A member of the Chinese People's Political Consultative Conference (CPPCC), China's upper house, and a key government advisor on biotechnology policies, Huang revealed the news at a briefing on the annual report of the International Service for the Acquisition of Agri-Biotech Applications (ISAAA), a non-profit organisation promoting agricultural biotechnology.

The ISAAA report indicates in 2007 a total of 114.3 million hectares of GM crops were cultivated worldwide - an increase of 18.3 per cent from 2006.

The most widely adopted GM crop is Bt cotton, engineered to produce a toxin from Bacillus thuringiensis (Bt) to fight bollworm. China has developed GM petunias, tomatoes, sweet peppers, poplar and papaya, and several varieties of rice but to date policymakers have only allowed GM cotton to be marketed.

Huang says that yield, quality, nutritional value and drought resistance will be major targets of the new research programme. As well as rice and cotton - which have been the focus of GM technology research in the past - corn and wheat will also now be priority crops for research.


Receptive farmers

Hu Jifa is chief research fellow at the the Chinese Academy of Sciences (CAS) Center for Chinese Agricultural Policy (CCAP), China's chief think tank on food policy issues. 

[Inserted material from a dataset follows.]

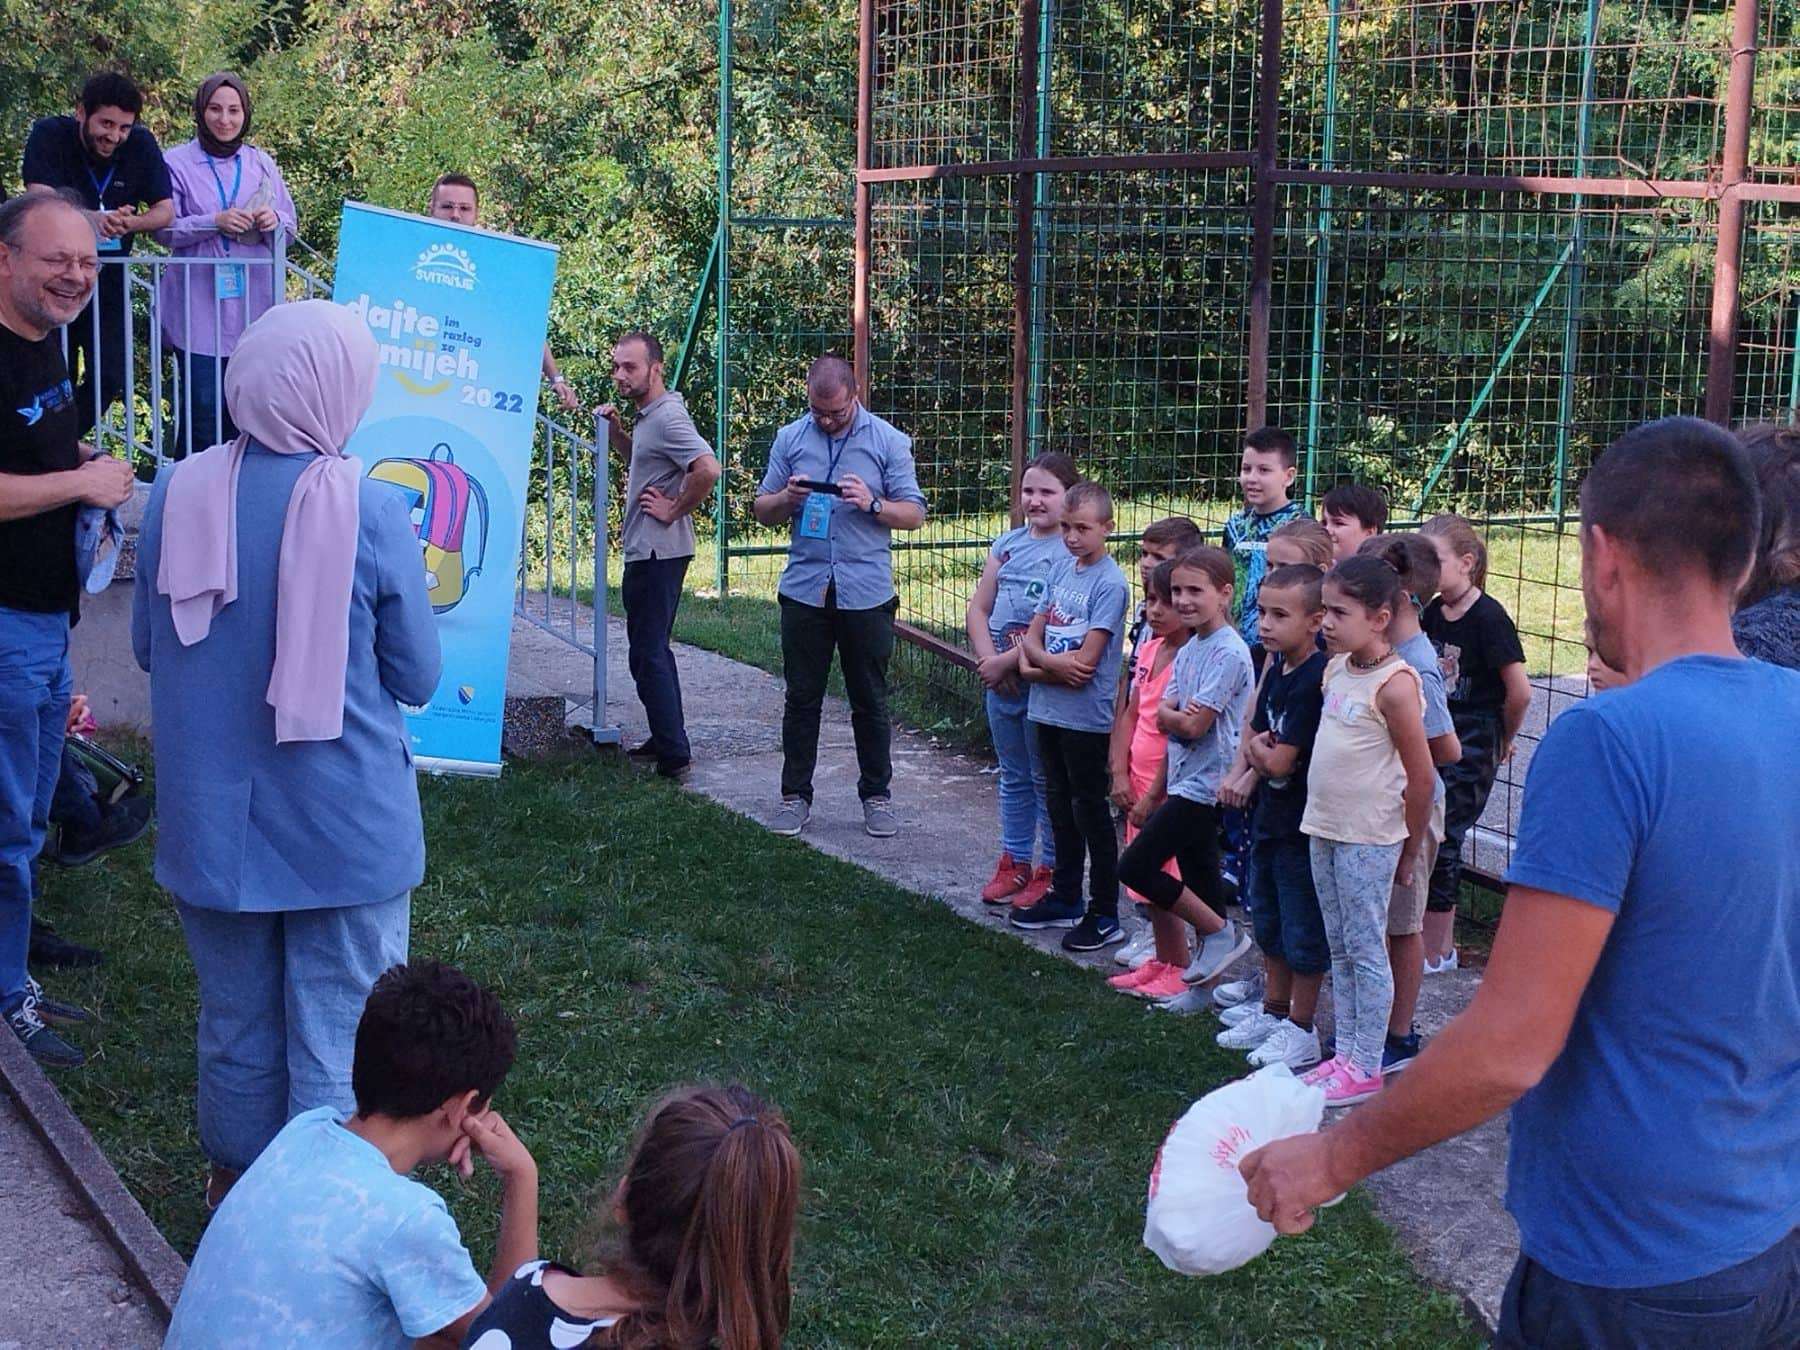 Udruženje "Svitanje" iz Sarajevo uručilo školske torbe i kompletan pribor učenicima povratnicima u Zvorniku (FOTO)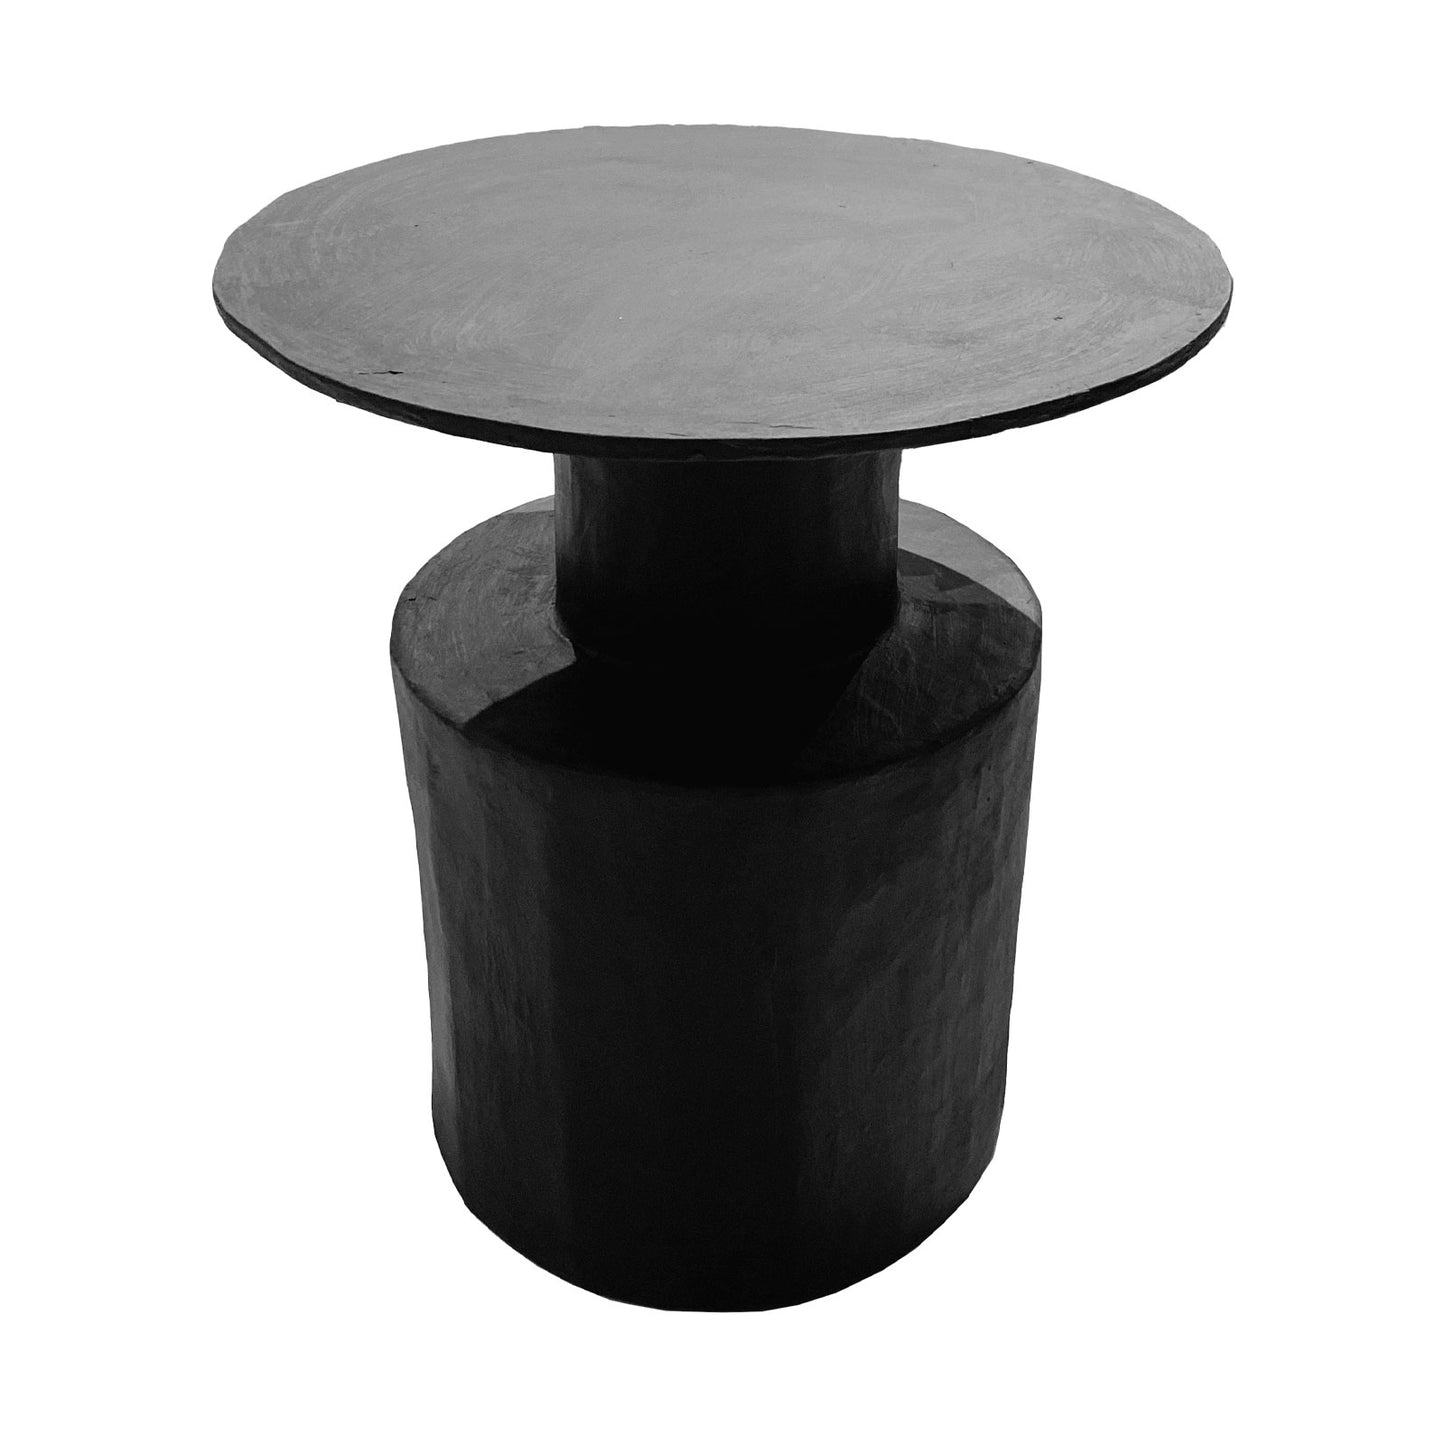 Top Hat Papier-mâché Side Table in Black

He confirms the programme is set to go ahead and says that funding for research on safety and environmental monitoring will be included in the programme.

The GM seeding programme was mentioned in China's 11th Five-year science and technology development plan (2006-2010) but decisions on the funding and scope of the programme have been delayed for two years due to the sensitivity of the area, Hu says. 

But policymakers are now more receptive to GM technologies, says Hu, and that could lead to more GM crops getting the go-ahead for commercialisation.

Judy Wang of Croplife China, an organisation representing agricultural biotech firms, welcomes the news, and says that the research programme could help make GM crops more acceptable to Chinese farmers.

Liu Xuehua, an associate professor of environment planning at Tsinghua University, says that while she is not opposed to GM technologies, policymaking in the area should be more cautious and transparent.

'Stakeholders, rather than scientists alone, should be involved in the policy-making process concerning GM commercialisation so that more potential risks can be identified,' Liu says. 'The decision to commercialise them should not be based simply on the fact that there is now big government funding for the area,' she adds.